Ruang digital, kata dia, kini tidak hanya menjadi sarana komunikasi dan hiburan, tetapi juga menjadi tempat untuk mengembangkan kreativitas, kompetensi, dan prestasi.
“Saya berharap kompetisi Esports Kapolri Cup 2026 dengan tagline ‘Dream to Become’ akan melahirkan banyak talenta digital Indonesia yang kreatif, berintegritas, dan berdaya saing global,” ujar Listyo Sigit.
Selain kompetisi, Esports Kapolri Cup 2026 dimanfaatkan sebagai ruang edukasi literasi keuangan melalui kolaborasi PT Indo Premier Sekuritas (IPOT), Polri, dan Asosiasi Esports Indonesia (IESPA).
Presiden Direktur dan CEO PT Indo Premier Sekuritas Moleonoto The mengatakan generasi muda yang aktif di ruang digital tidak hanya membutuhkan kemampuan kompetitif, tetapi juga pemahaman mengenai pengelolaan keuangan.
“Generasi Z dan Gen Alpha adalah penggerak utama ekonomi digital Indonesia masa depan. Ruang digital dan dunia esports tidak hanya membutuhkan pengasahan kecakapan kompetitif, tetapi juga fondasi ketahanan finansial yang kokoh,” kata Moleonoto.
Menurut dia, edukasi finansial perlu diberikan seiring semakin dekatnya teknologi dengan kehidupan sehari-hari generasi muda, termasuk dalam aktivitas investasi.

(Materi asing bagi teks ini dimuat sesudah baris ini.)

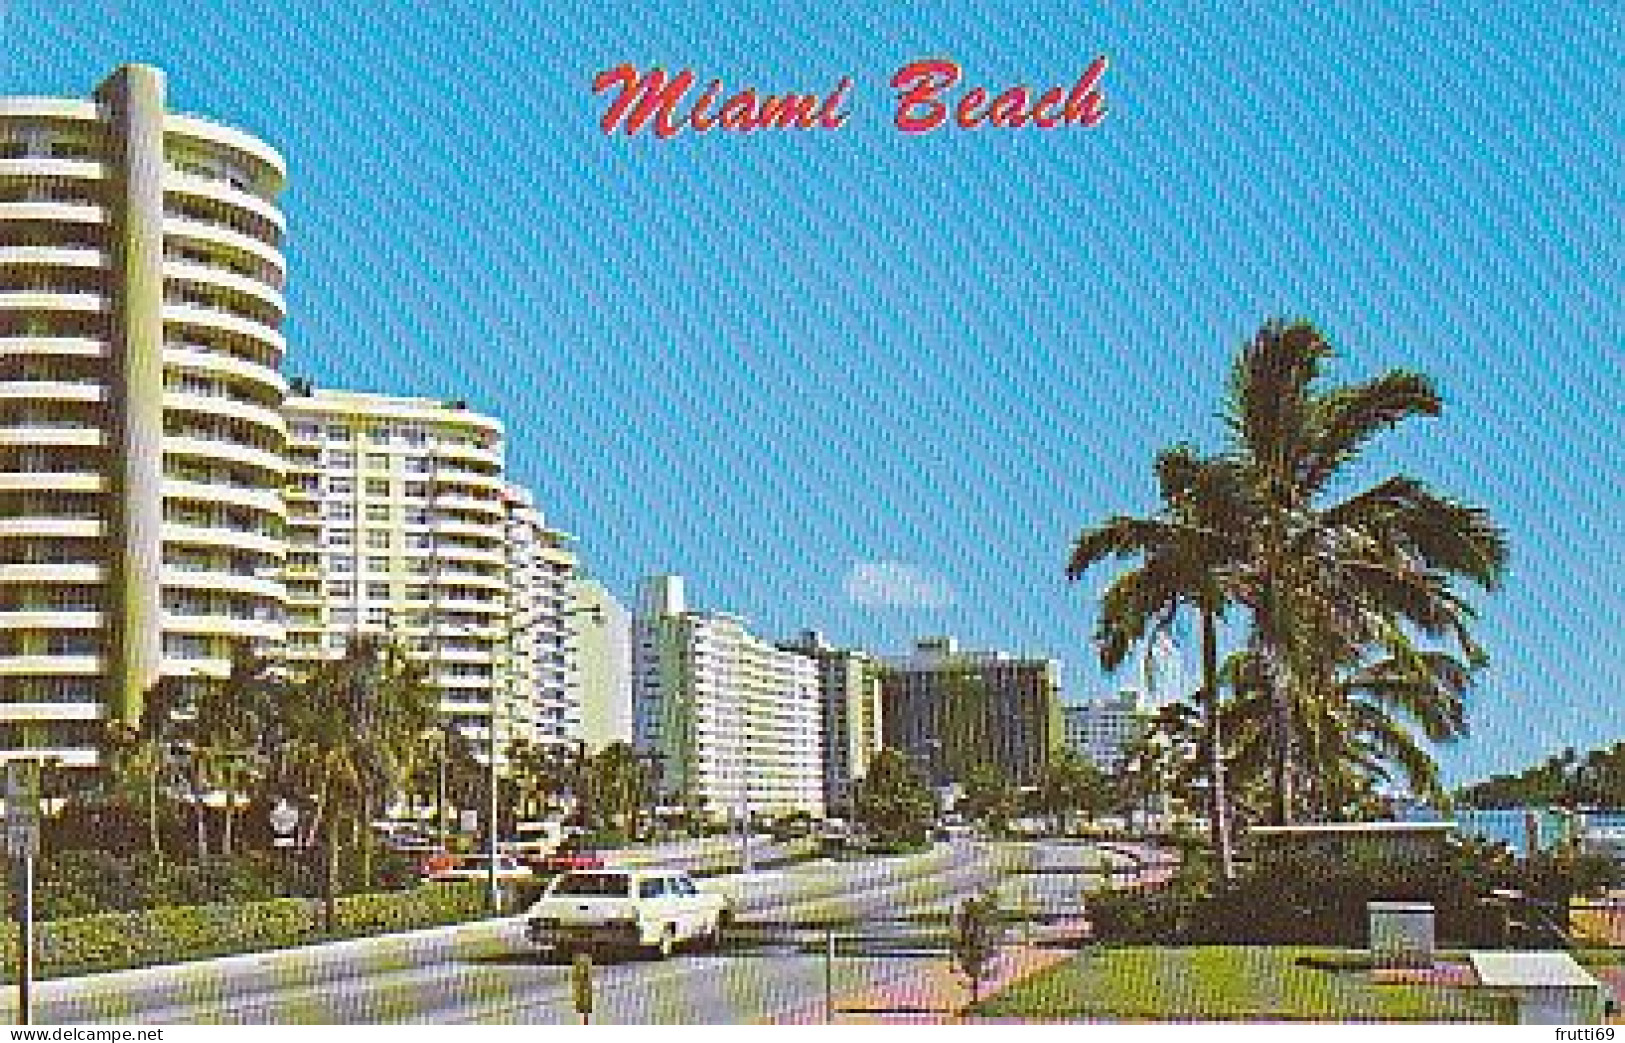 AK 209362 USA - Florida - Miami Beach - Miami Beach

Edukasi tersebut dikemas melalui sejumlah kegiatan yang dekat dengan karakter gamer, salah satunya sesi “Smart Play, Smart Invest with AI IPOT” yang dilengkapi kuis dan aktivitas interaktif.
Equity Analyst PT Indo Premier Sekuritas Brigita Kinari mengatakan sejumlah prinsip dalam permainan gim dapat dikaitkan dengan strategi pengelolaan keuangan dan investasi.

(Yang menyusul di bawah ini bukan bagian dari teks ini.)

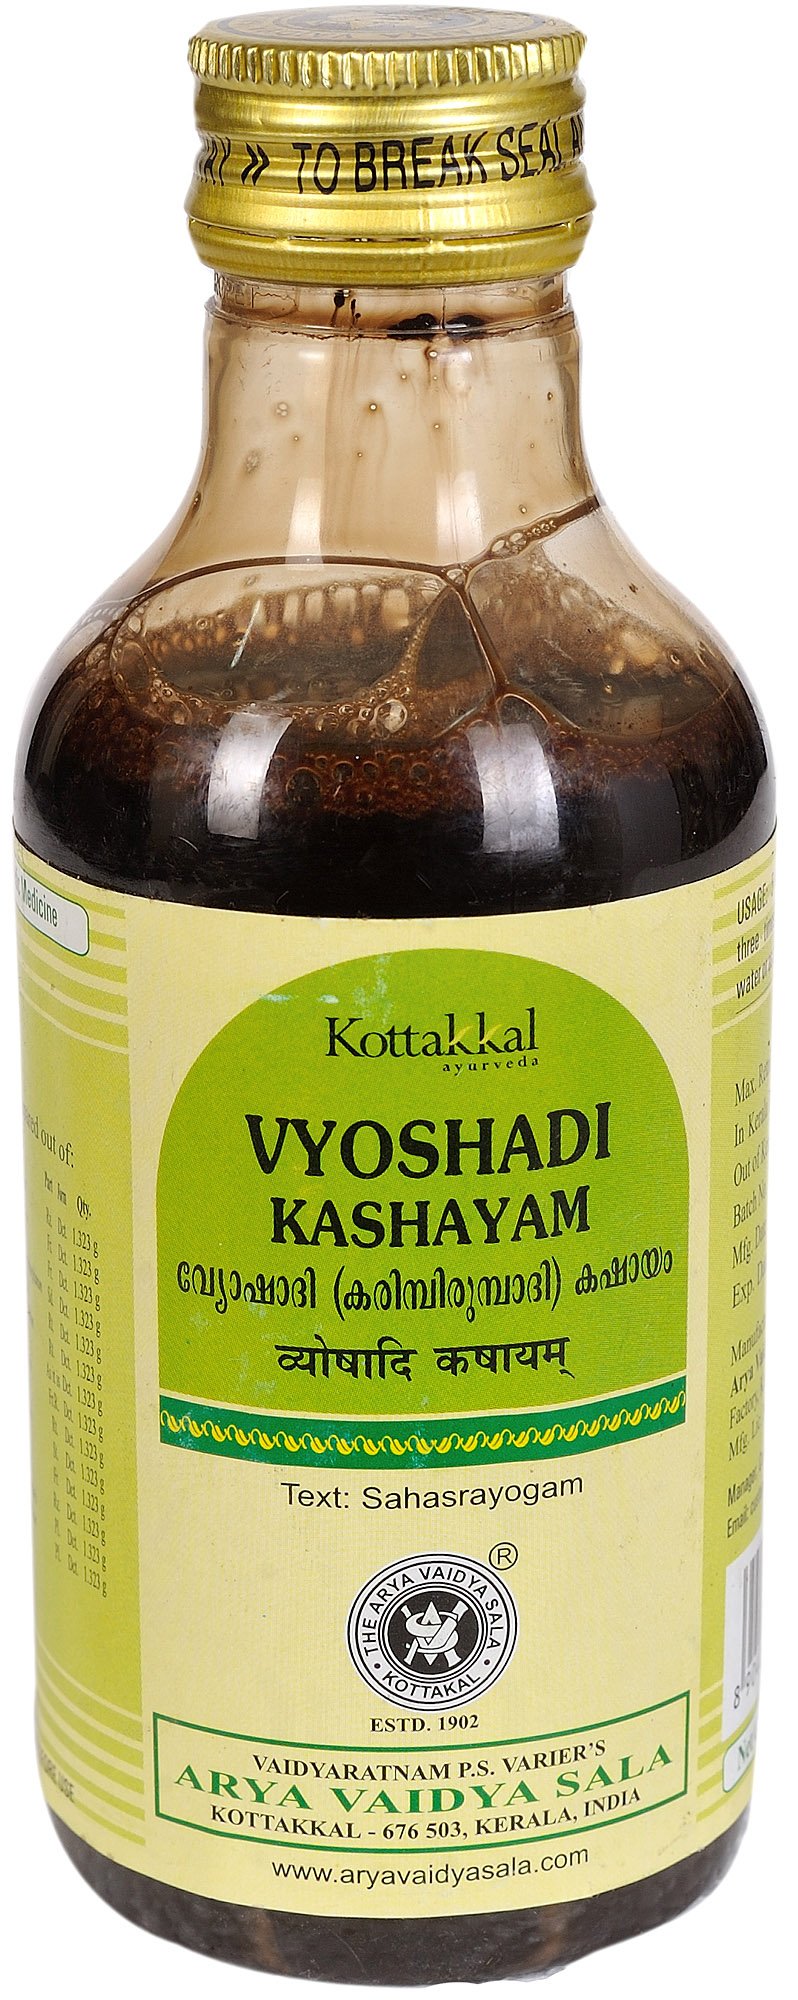 Vyoshadi Kashayam - book cover

Kemampuan membaca situasi, menyusun strategi, memahami risiko, dan mengambil keputusan secara disiplin dalam permainan dinilai memiliki relevansi dengan pengelolaan investasi.
“Filosofi permainan ini ternyata relevan dengan strategi membangun kekayaan di dunia nyata melalui investasi,” kata Brigita.
Edukasi juga menekankan pentingnya menghindari keputusan investasi yang didorong FOMO atau sekadar mengikuti tren.